I have begged and pleaded for her to have me back but now the shock has worn off i know this wont happen. 

i know we can end up as friends and this is what i want for the sake of our children but the hurt i have will remain for a while. i know it will pass in time but i cannot see past today at the moment.

I'm not going to slag her off on here and call her names, i have to accept this is it but it hurts!

A x


----------



## MisterRitter (Sep 1, 2012)

Sorry to hear you are going through this. I know how much it can hurt.

I have a similar story but with its own issues, with a key difference being my separation started in august. For me, time has made it better because I have done a lot of work trying to figure out what happened. They say time heals all wounds, but I don't think that is necessarily true. It can be true but might not happen without thought and reflection.
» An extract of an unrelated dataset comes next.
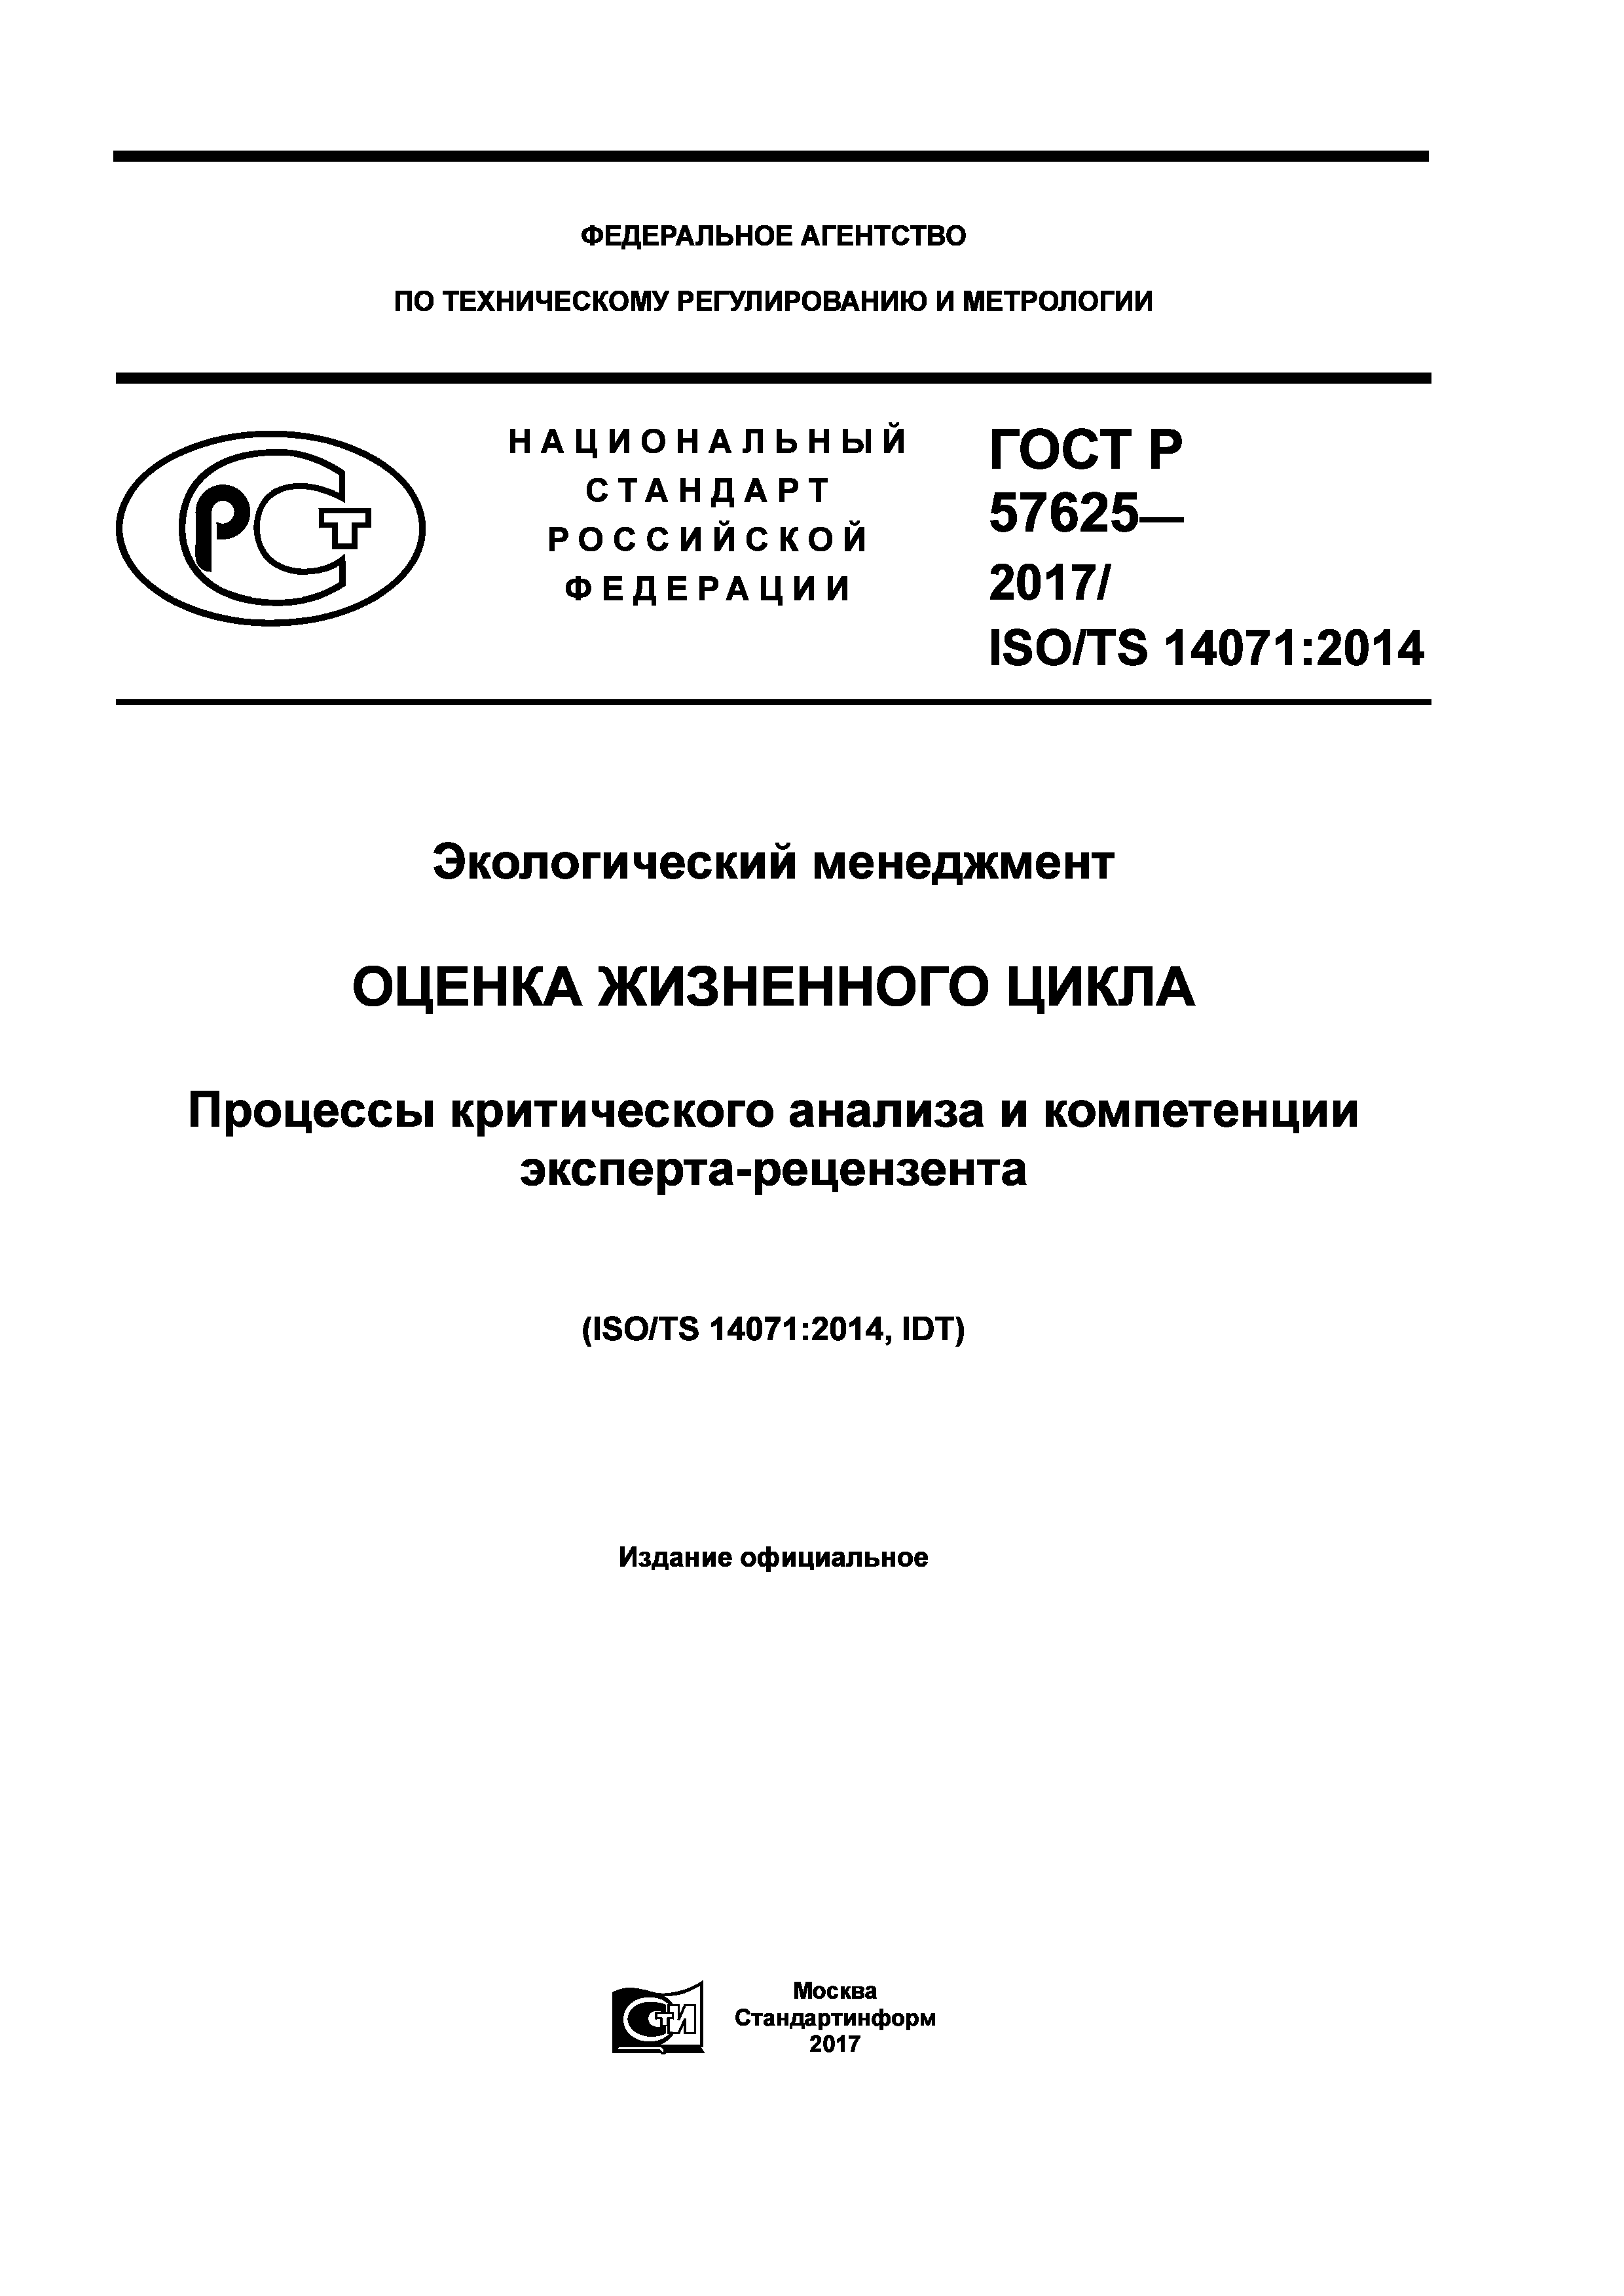 ГОСТ Р 57625-2017

Good luck to you, I hope it gets better.


----------



## DDGresham1 (Dec 15, 2012)

I have gone through something very similar, especially where the "connection" in the bedroom is concerned. I was taught to look at women as objects and not as people and though I loved my wife, in the bedroom, I didn't show it very often. I am really too old to start a family and not certain that I would want to. I also agree that a person may not ever "get over it." I will try and use the understanding that I have now to live life as a better person. My wife wants to remain friends and I am probably lucky to have that. I think the key is to come to grips with reality and move on. I will keep in touch with her though as I care about her and neither of us has that many close friends.


----------